Professors share insights on how students can network with instructors

June 26, 2012

UNIVERSITY PARK, Pa. – Students often wonder how to best connect and communicate with instructors and professors throughout their college years. There are always questions: Where do I sit in class? What methods of communication should I use? Should I go to office hours? How can I stand out and make a good impression? The questions can be endless and the answers unclear.

Three Penn State faculty members offered helpful tips into the “dos” and “don’ts” for the practice of student-professor networking.

Q: What initiatives do you like to see students take at the beginning of a course or throughout the semester?

“Regardless of the size of the class, I like students to participate and introduce themselves,” said Steve Manuel, a senior lecturer in advertising/public relations in the College of Communications. “Tell me something about you, because it helps me remember you. I also like students to suggest activities other than those contained in the curriculum. I like trying new things, and students quite often come up with something I hadn't thought of.”

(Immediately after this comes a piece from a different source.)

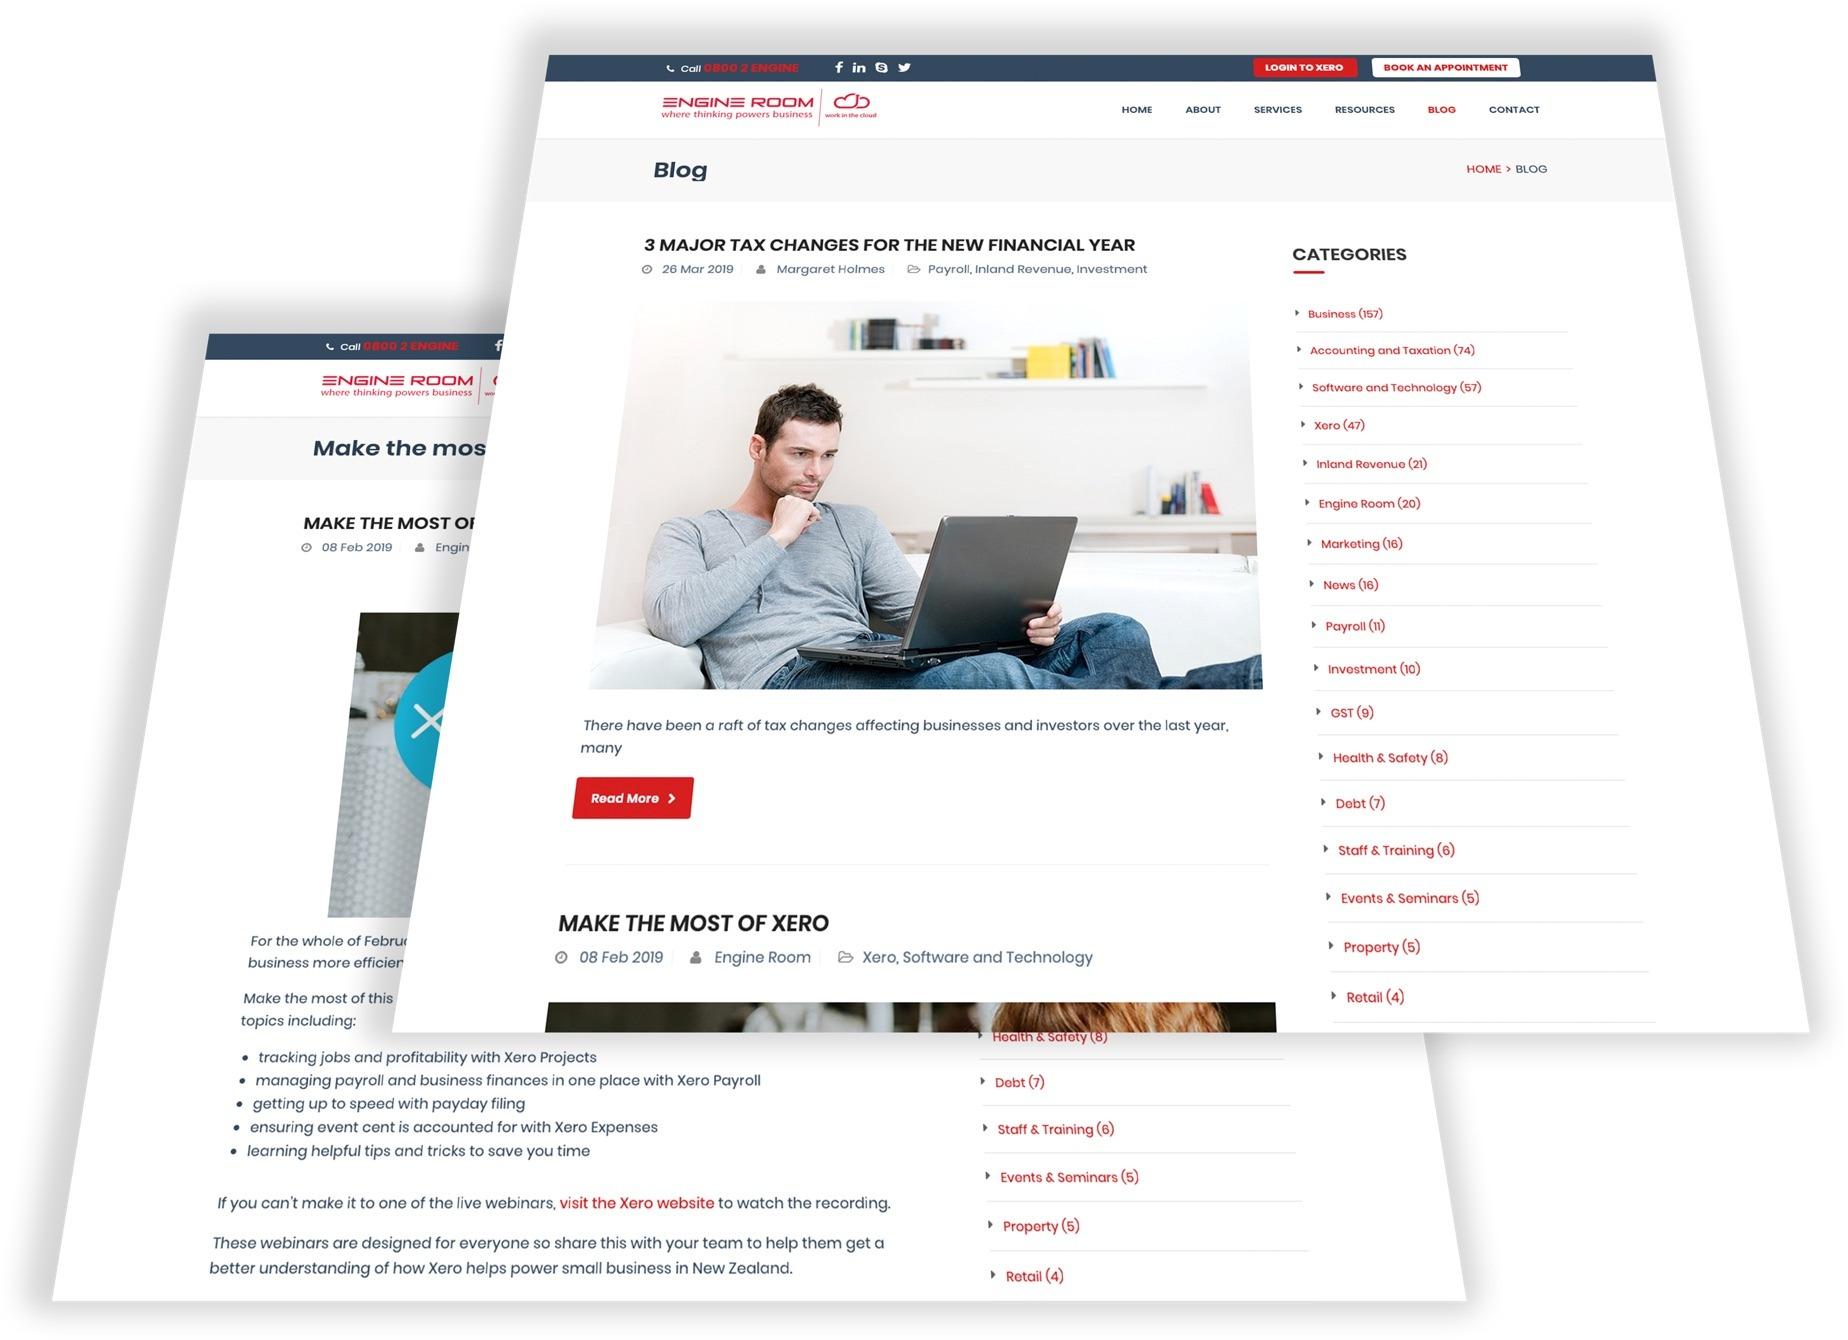 Blogs - Engine Room

“I like to see students sitting towards the front of the class,” said Maggie Slattery, an associate professor of bioengineering in the College of Engineering. “I am more likely to recognize and remember the people I see when I’m lecturing.”

Q: What are some of the ways you find best help you to become better connected with an individual student?

“Office hours are a great way for me to get to know students,” said Sam Richards, a senior lecturer in sociology in the College of the Liberal Arts. “Talking about anything other than grades is fine during office hours, at least for me. I think students can get a lot of great advice from professors about a wide range of issues. We are a resource that is very much underutilized.”

Q: What do you believe is the most beneficial way for a student to communicate with you throughout the semester?

“I encourage students to talk to me whenever they have a problem,” Slattery said. “It takes a lot for a student to come to me too often. Email is one of the best ways to start. If it’s too difficult to talk about via email, I will direct them where to go -- make an appointment, for example.”

Q: What are some of the biggest difficulties you face as a professor when it comes to dealing with students?

“Keep parents out of it,” said Richards. “Most of us are very willing to address issues when we need to do so. But parents getting involved when it's not necessary is a turn-off. Having said that, I've received some wonderful emails from parents asking questions about my class. In fact, I love meeting parents, but not when they are contesting a grade or random issue on behalf of their child.”

Q: How do you feel students can further their experience and knowledge of your course beyond the scheduled class times each week?

“I have students all the time who see a news story in the paper, online or on television news that they notify me about from a PR perspective and inquire about what I would have done,” Manuel said. “Those are the students who I believe will do well in the future. Those are the students I want working for me.”

Q: At what point do you think it is appropriate for a student to ask you for a letter of recommendation? Can you provide ideas for students to consider before they approach a professor with such a request?

“Students need to realize that generic recommendation letters from a professor who doesn't know them are generally a bad idea and not useful,” said Richards. “With large general education classes and the limited opportunities to get to know professors, it can be a challenge to find letter writers. So, think ahead.”

“I give my freshmen handouts on this topic because I believe it’s very important,” added Slattery. “Think about, ‘Can this person say something interesting about me?’ Ask yourself if the professor or instructor knows you well enough that they could comment on you positively.”

Q: What are some examples of inappropriate student behavior that you advise other students to avoid?

“Inappropriate student behavior can range from the way one dresses for a meeting to using a cell phone in any way while speaking to me,” said Manuel. “If you check your texts while we meet, the meeting is over. I also think it's inappropriate to tell a professor you will do anything for a better grade.”

Q: What advice would you provide to students when it comes to the “dos” and “don’ts” of connecting and communicating with their professors?

“Treat your experience professionally,” Slattery said. “Use your best judgment when handling situations and be intuitive when it comes to communicating with your professors and instructors.”

“Don't be nervous with professors,” Richards added. “The more you can be yourself in their presence, the better it is for you and for us.”